# Publishing a Website - Sub Domain



## shekargbabu (Mar 3, 2014)

Hi all

I am not really sure if I am posting this question at the right place or not. Please help me out with the information you guys have.

I need to publish a Sharepoint site on to the internet. For which I have decided on an URL, like svc-pkc-cet.in. And we already have our main domain hosted by a third party, hence asked for a sub domain in order to publish this site. svc-pkc-cet.in is the new sub domain. 

The whole logic I was aware was to have a public IP reserved for the Web Server where the Sharepoint site is developed and point that IP to the new domain. (never implemented personally though). So, when contacted the guy who host the main domain and website. I was asked for the *NAMESERVERS*. What does that actually means?? I am not really sure if I have explained in details.
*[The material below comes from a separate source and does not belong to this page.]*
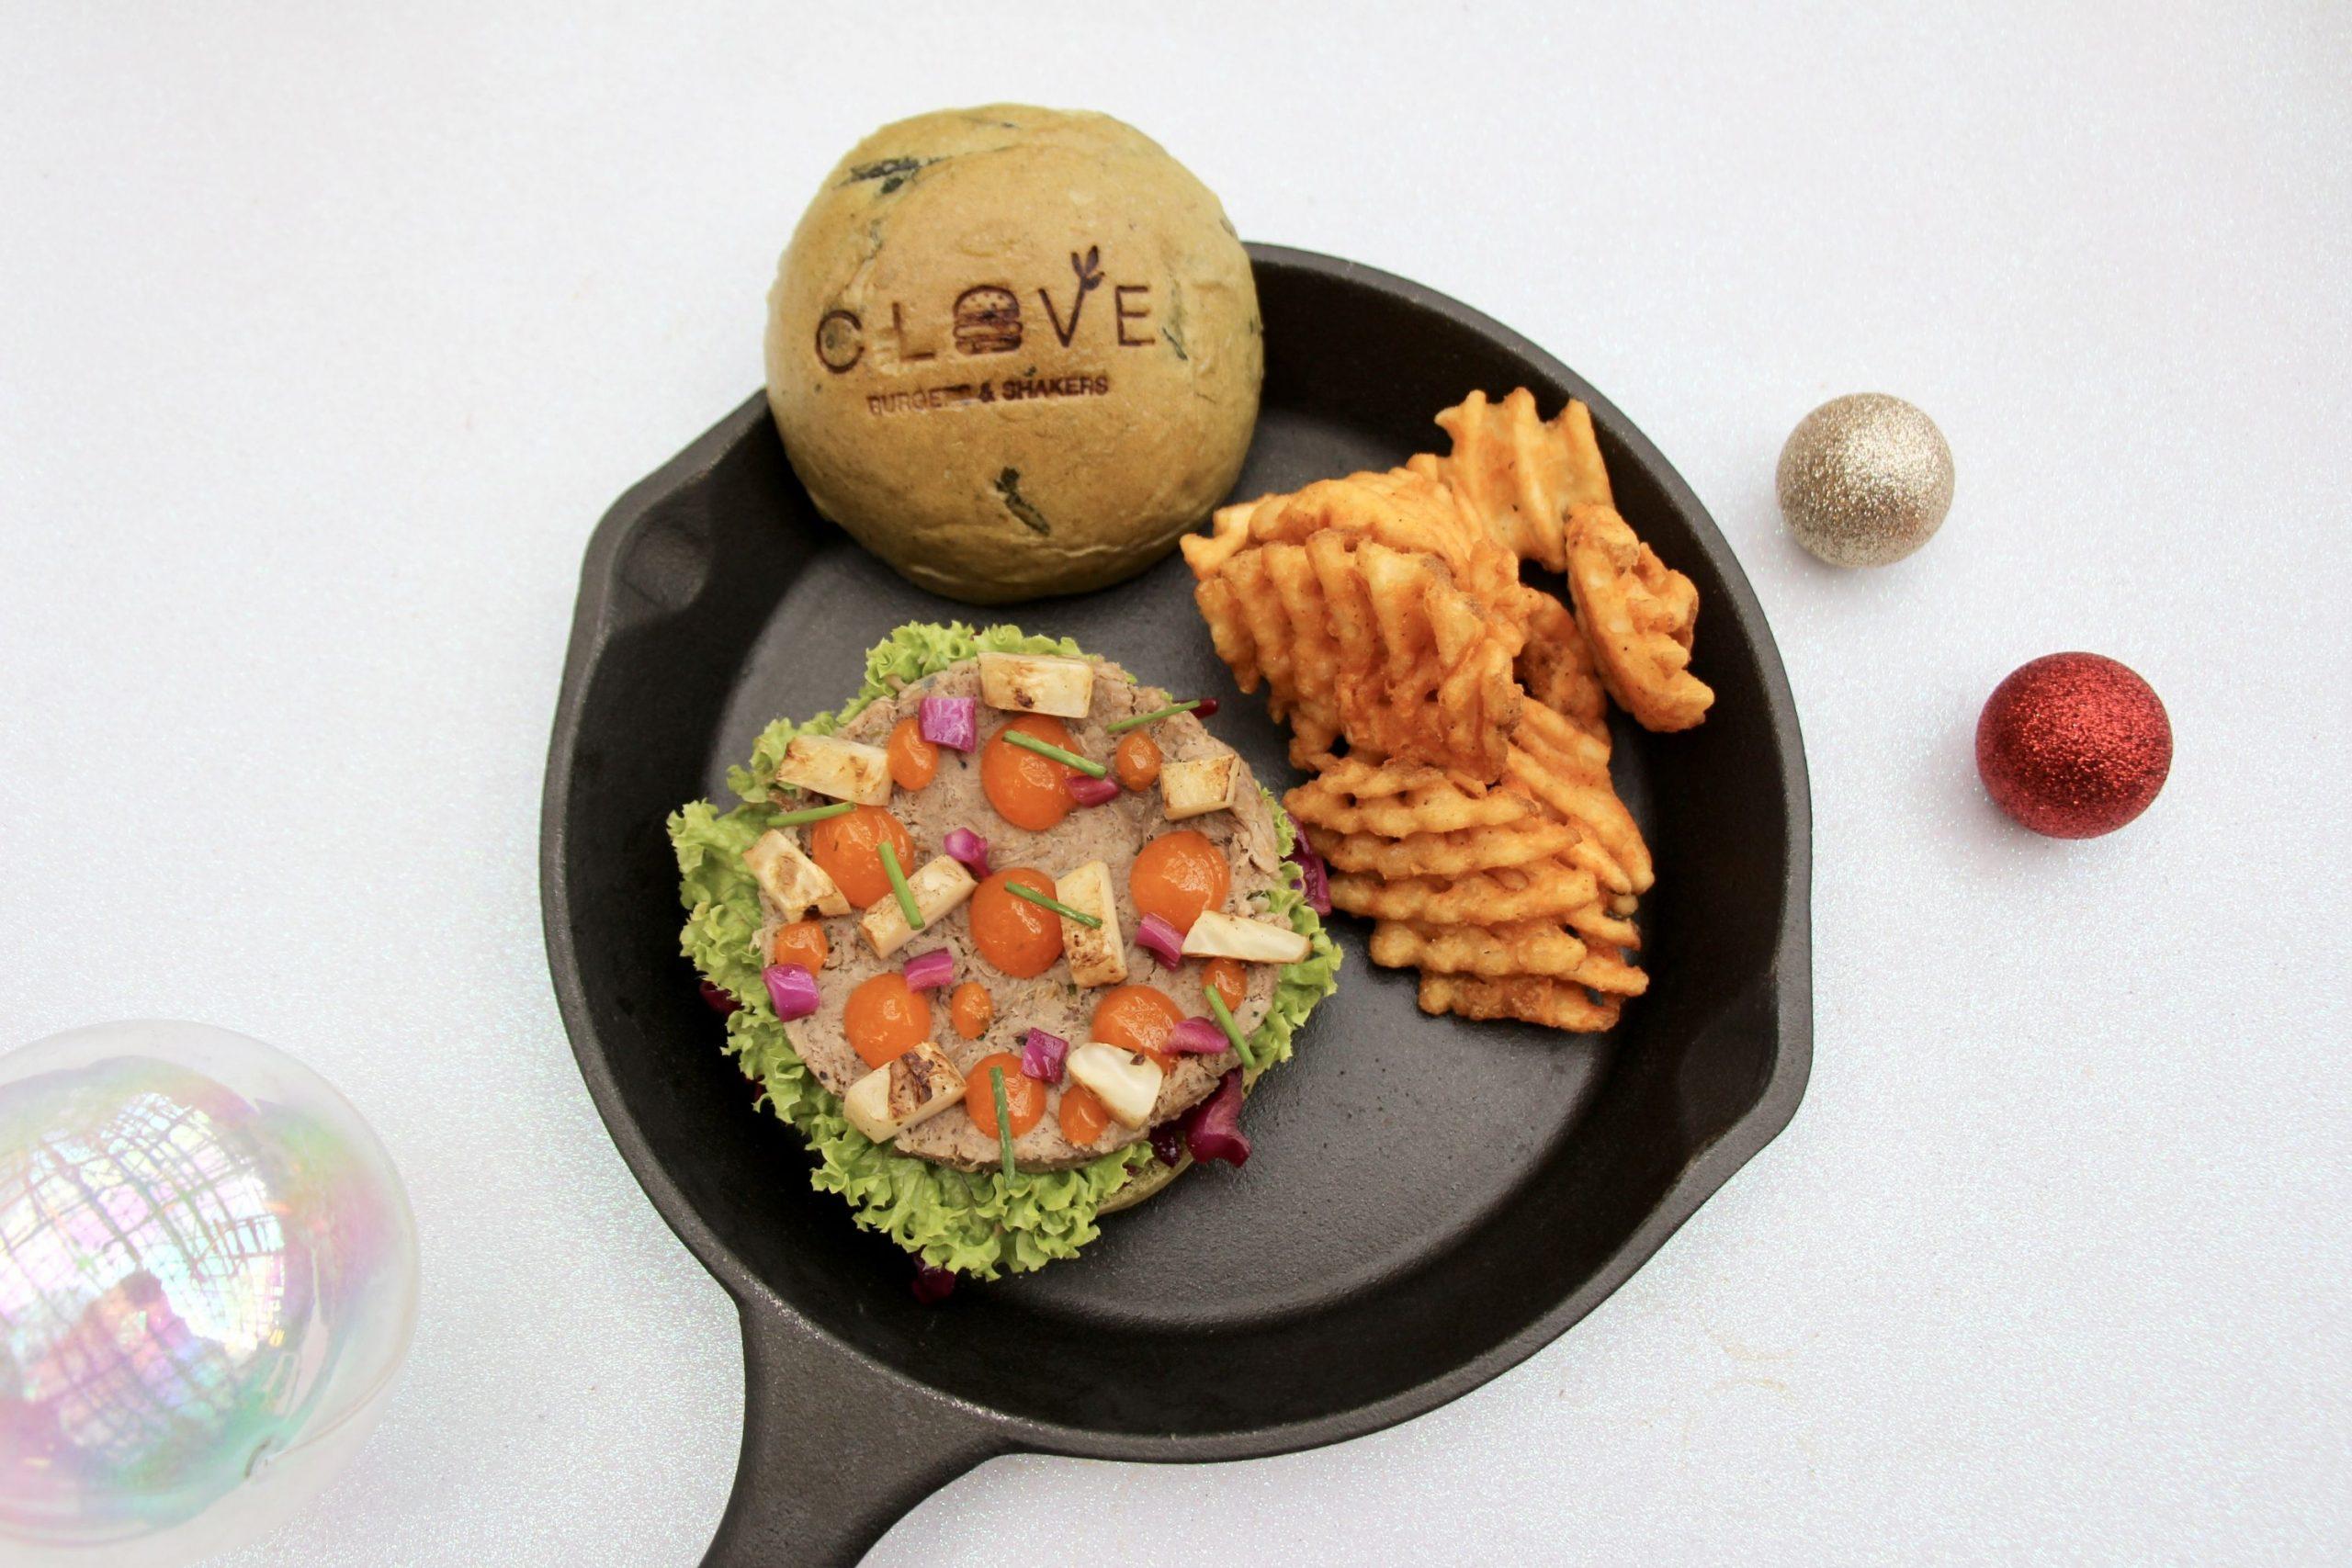 CLOVE Festive Burger

Please can someone provide ne with an answer... If any more details are required to help with an answer, I can try giving more info. Thanks in advance.
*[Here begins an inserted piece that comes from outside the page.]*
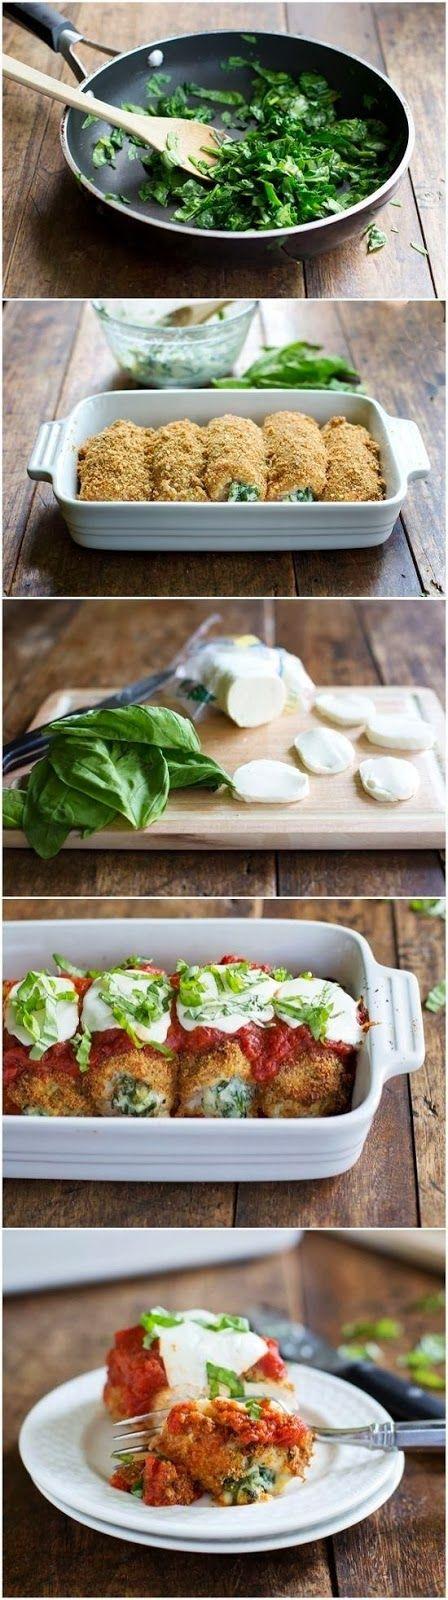 simple cooking, recipe : BAKED MOZZARELLA CHICKEN ROLLS

Awaiting your valuable details

Regards


----------



## SpywareDr (Jun 15, 2013)

A subdomain is a domain that is part of a larger domain. For example, east.sample.com and west.sample.com are both subdomains of the sample.com domain.


----------



## Fjandr (Sep 26, 2012)

The nameservers are servers used by your web host to tell everyone else in the world how to get from the text "mydomain.com" to the public IP of the server from which you are hosting the content.

You need to contact your web host in order to modify the nameservers for your domain so that they point people connecting to "subdomain.yourdomain.com" toward the machine IPs of your Sharepoint site.


----------